Intricacies with above methods :

  • We may need to update the GRANTS for users such that they match the correct schema_name. These could fixed with a simple UPDATE on mysql.columns_priv, mysql.procs_priv, mysql.tables_priv, mysql.db tables updating the old_schema name to new_schema and calling “Flush privileges;”.

Although “method 2″ seems a bit more complicated than the “method 1″, this is totally scriptable. A simple bash script to carry out the above steps in proper sequence, can help you save space and time while renaming database schemas next time.

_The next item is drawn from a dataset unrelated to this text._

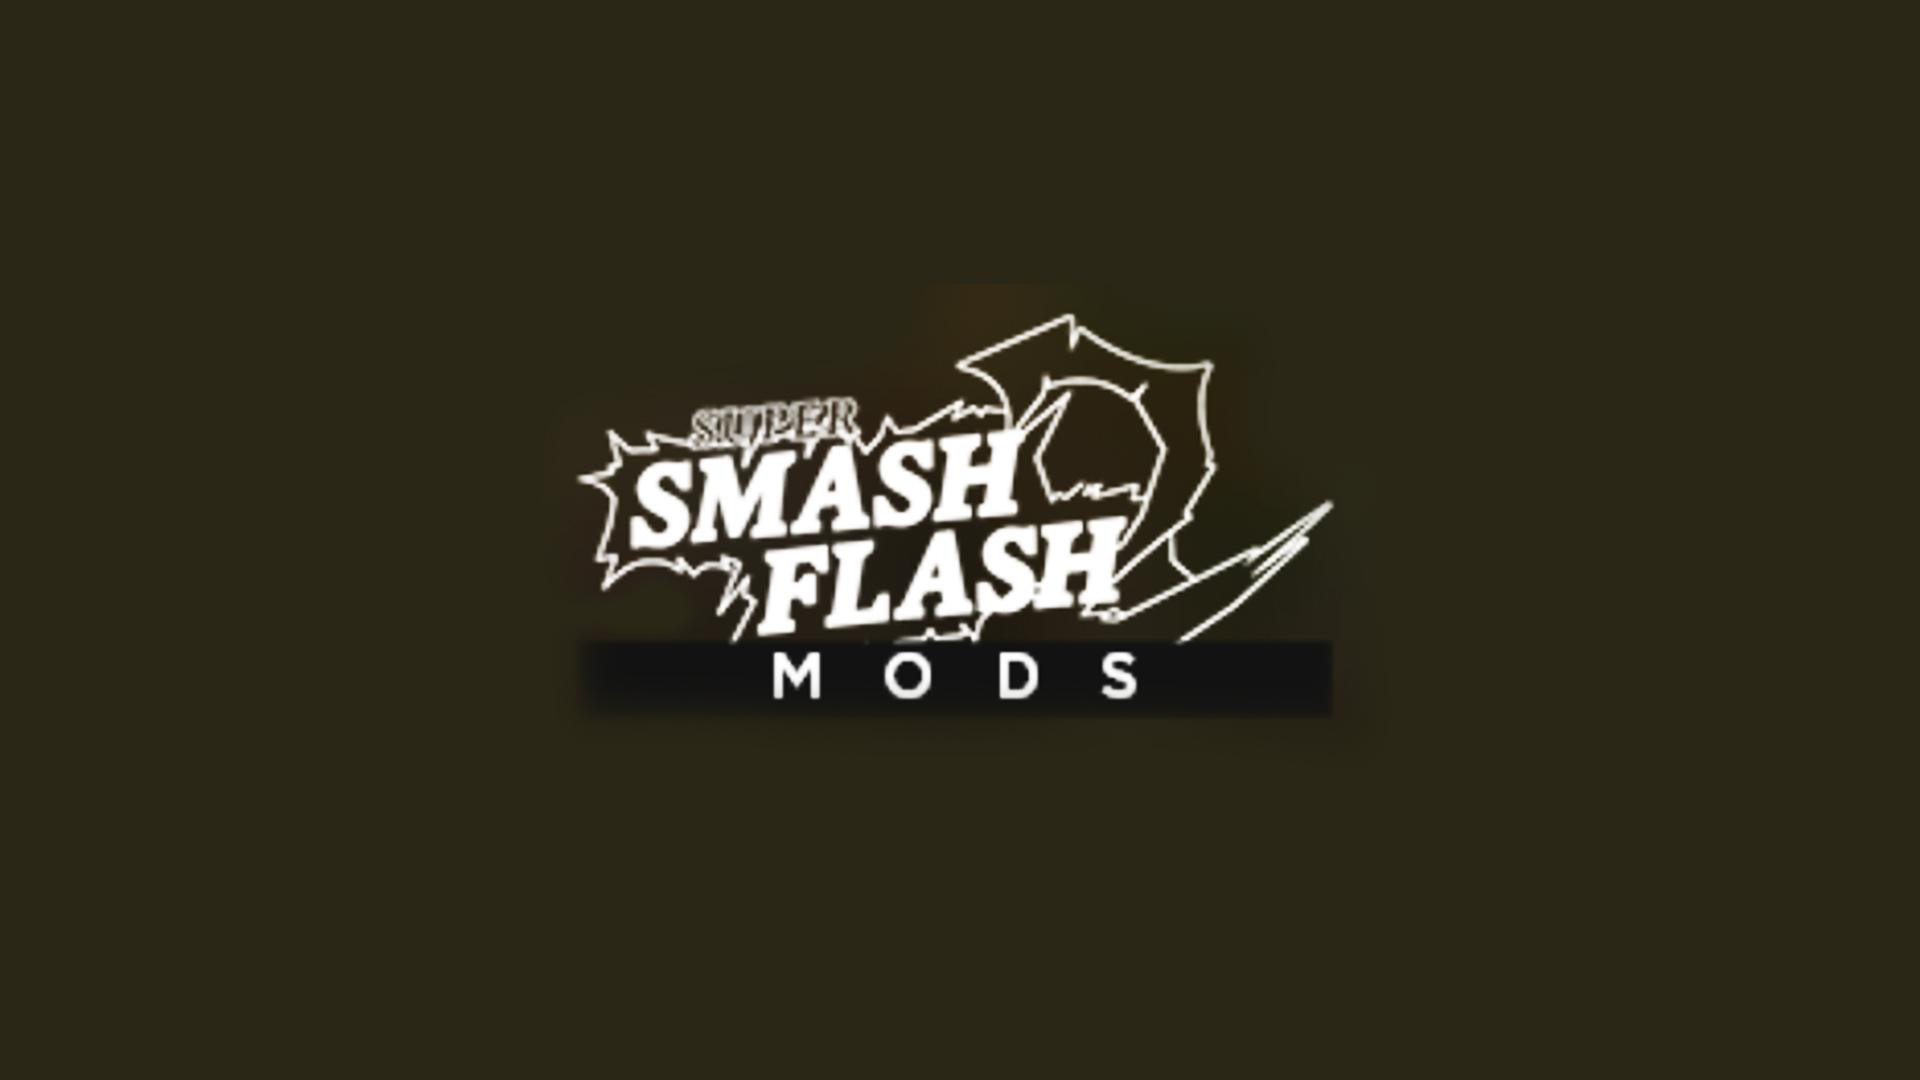 VGM-Smash-Flash-Mods-logo

We on the Percona Remote DBA team have written a script called “rename_db” that works in the following way :

[root@percona ~]# /tmp/rename_db
rename_db <server> <database> <new_database>

To demonstrate the use of this script, we used a sample schema “emp”, created test triggers, stored routines on that schema. We will try to rename the database schema using the script, which takes some seconds to complete as opposed to time consuming dump/restore method.

mysql> show databases;
+--------------------+
| Database           |
+--------------------+
| information_schema |
| emp                |
| mysql              |
| performance_schema |
| test               |
+--------------------+

[root@percona ~]# time /tmp/rename_db localhost emp emp_test
create database emp_test DEFAULT CHARACTER SET latin1
drop trigger salary_trigger
rename table emp.__emp_new to emp_test.__emp_new
rename table emp._emp_new to emp_test._emp_new
rename table emp.departments to emp_test.departments
rename table emp.dept to emp_test.dept
rename table emp.dept_emp to emp_test.dept_emp
rename table emp.dept_manager to emp_test.dept_manager
rename table emp.emp to emp_test.emp
rename table emp.employees to emp_test.employees
rename table emp.salaries_temp to emp_test.salaries_temp
rename table emp.titles to emp_test.titles
loading views
loading triggers, routines and events
Dropping database emp
real    0m0.643s
user    0m0.053s
sys     0m0.131s

mysql> show databases;
+--------------------+
| Database           |
+--------------------+
| information_schema |
| emp_test           |
| mysql              |
| performance_schema |
| test               |
+--------------------+

As you can see in the above output the database schema “emp” was renamed to “emp_test” in less than a second.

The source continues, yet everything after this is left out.